2003-01-07 Thread Terry Lambert
M. Warner Losh wrote:
 In message: [EMAIL PROTECTED]
 Nate Lawson [EMAIL PROTECTED] writes:
 : I was looking into some could sleep messages and found some bogus
 : locking in the attach routine of many drivers.  Several init a mtx in
 : their softc and then lock/unlock it in their attach routine.  This, of
 : course, does nothing to provide exclusive access to a device.  I assume
 : there is going to be a global IF_LOCK or something to be used in attach
 : routines.  Can someone fill me in on the intended design?
 
 The locking in the attach routines is generally bogus.  Locking is
 only needed when you have more than one thread of execution.  You
 don't have more than one thread of execution until after you establish
 the ISR and turn on interrupts.  We should likely not be enabling
 interrupts until very late in the attach routine so that we don't need
 any locking in them.

I looked at this.  It seems to me that it's not quite that
simple (sorry).  I think that there are issues with locking
because you don't know if this is a driver that's getting
loaded well after the system has booted, or if this is a
PCCARD or other hot plug device that has just arrived in
the system.

It also seems to me that the reversal problems that would
result by simply inserting locking have to do with the fact
that the code is relatively schitzophrenic on deciding whether
it's locking data, or it's locking a critical path.

The entire idea of lock order reversals (please, don't use the
abbreviation LOR: my mind keeps telling me that Legolas just
got his commit bit) is predicated, I think, on the idea that
there is an order of operation that has to be adhered to because
we are talking not about data object locking, we are in fact
talking about (theoretically independent) code path locking, and
what happens on a reentry during a sleep.  Basically, this means
that for code that can't result in a sleep, there's no such thing
as a lock order reversal -- there's only locking at the wrong
functional layer.

In this particular case, we're talking about a interface list,
and we're talking about a device instance, and the events that
get a device on or off the list are *not* independent and they
*are* mutually exclusive, based on state.
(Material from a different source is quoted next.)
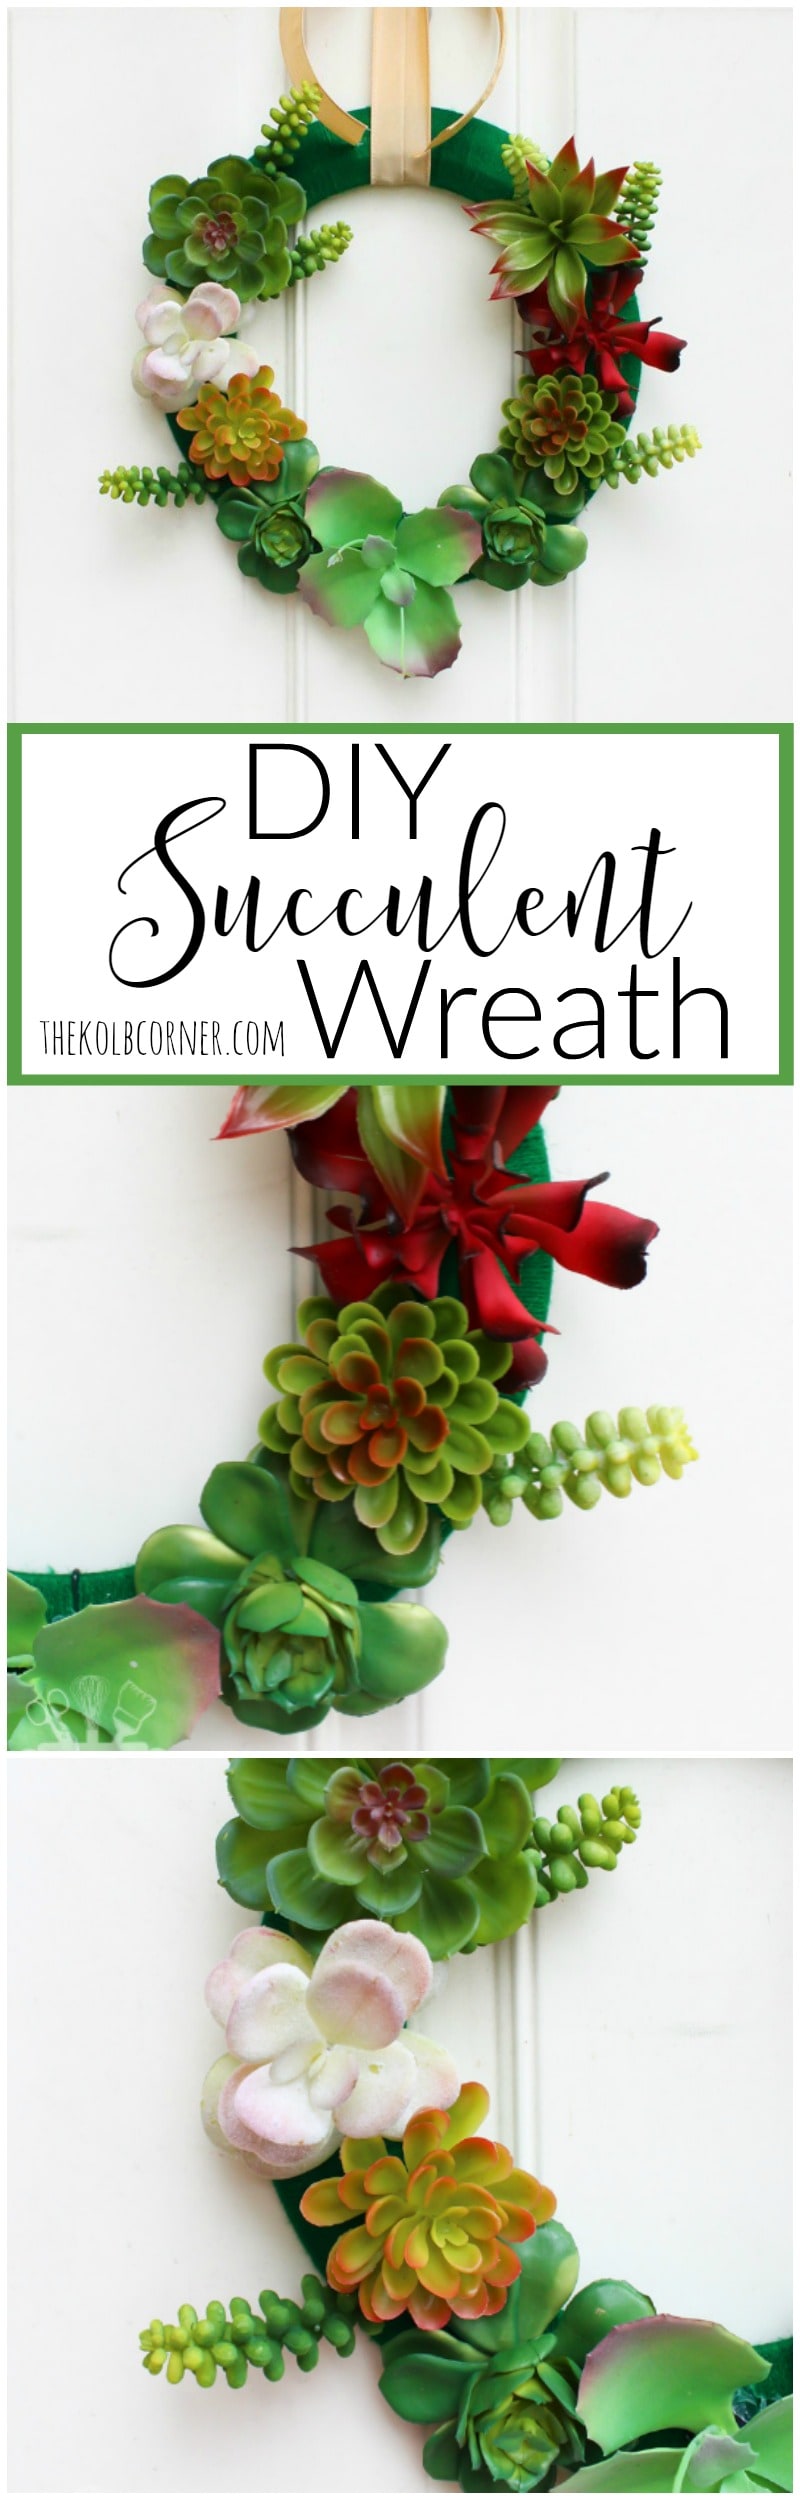 DIY Succulent Wreath

Given all that, it seems to me that this would be an ideal
place for a critical section lock -- or, at least, a lock
that's asserted on the list of interfaces, and which doesn't
have any witness registration (per Bruce's earlier suggestion).
My preference (if it's not obvious) would be a critical section
lock, but a data lock on a list held over the same operations is
functionally the same thing, anyway.

Perhaps it's time to step back, and look over the overall locking
philosophy that everyone is supposed to be implementing to, and
the implementation assumptions that that philosophy makes necessary
for things to work?  I think that some of the assumptions are
themselves mutually exclusive with current implementation, and it
would be nice to know, up front, what needs to be rewritten, and
what *should* be rewritten, to conform to the new philosophy.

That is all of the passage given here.